> YOUR INSTRUCTIONS
Two lines in the listing below mark the span: one contains "Компактный двухэтажный дом" and one contains "Feefe Yorka Blog". Reproduce both of them and everything between, exactly.

> DATA RECORDS
┌──

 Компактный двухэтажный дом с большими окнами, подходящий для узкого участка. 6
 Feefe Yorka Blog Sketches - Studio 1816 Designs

└──
┌──

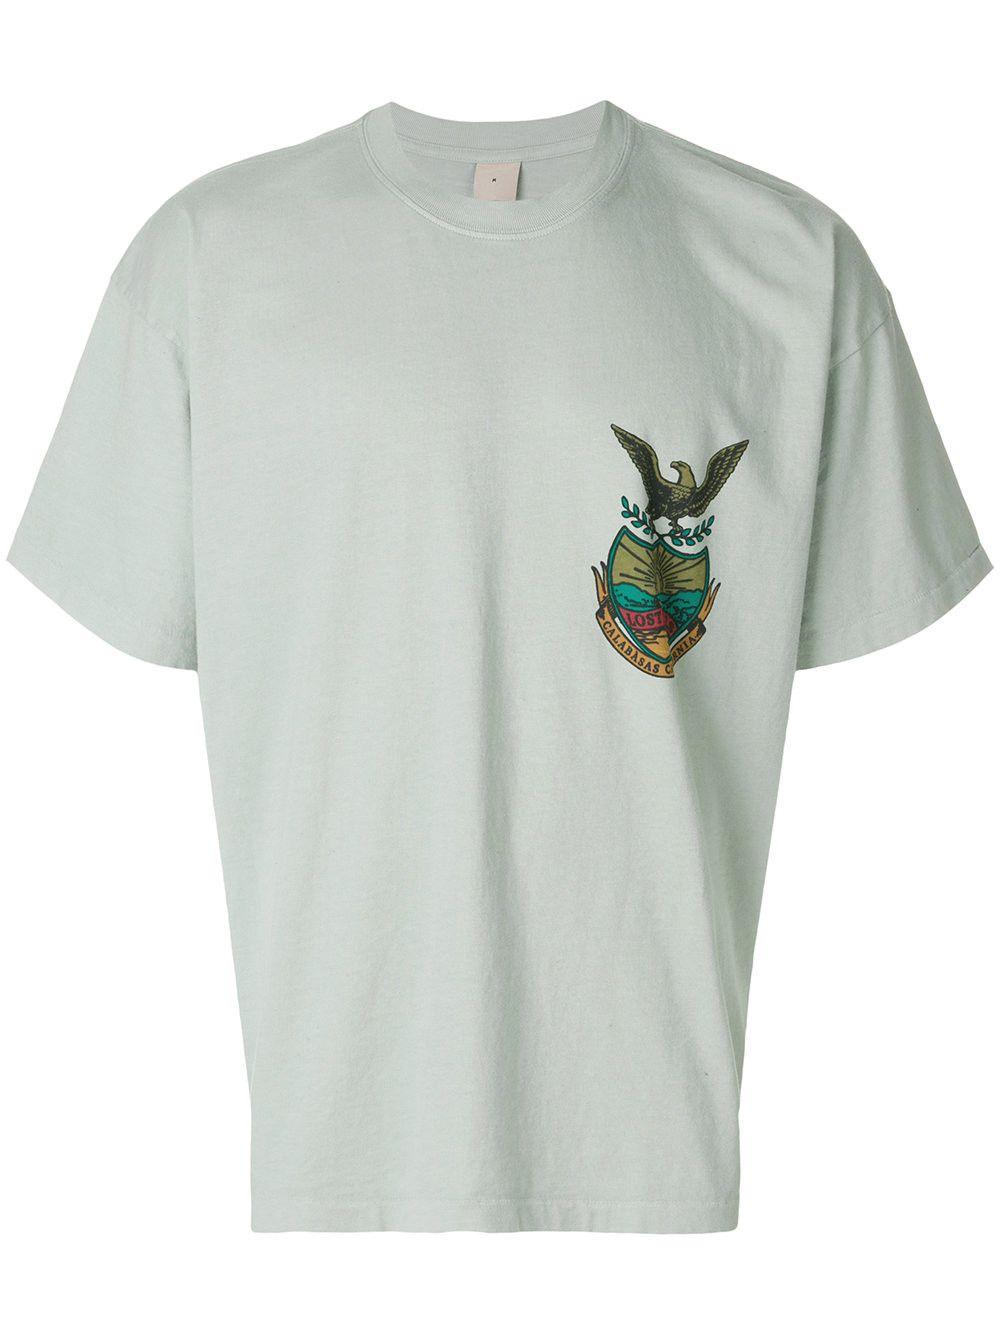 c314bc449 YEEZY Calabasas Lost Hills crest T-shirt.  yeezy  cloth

└──

> REPLY TO THE EXERCISE
 Компактный двухэтажный дом с большими окнами, подходящий для узкого участка. 6
 Feefe Yorka Blog Sketches - Studio 1816 Designs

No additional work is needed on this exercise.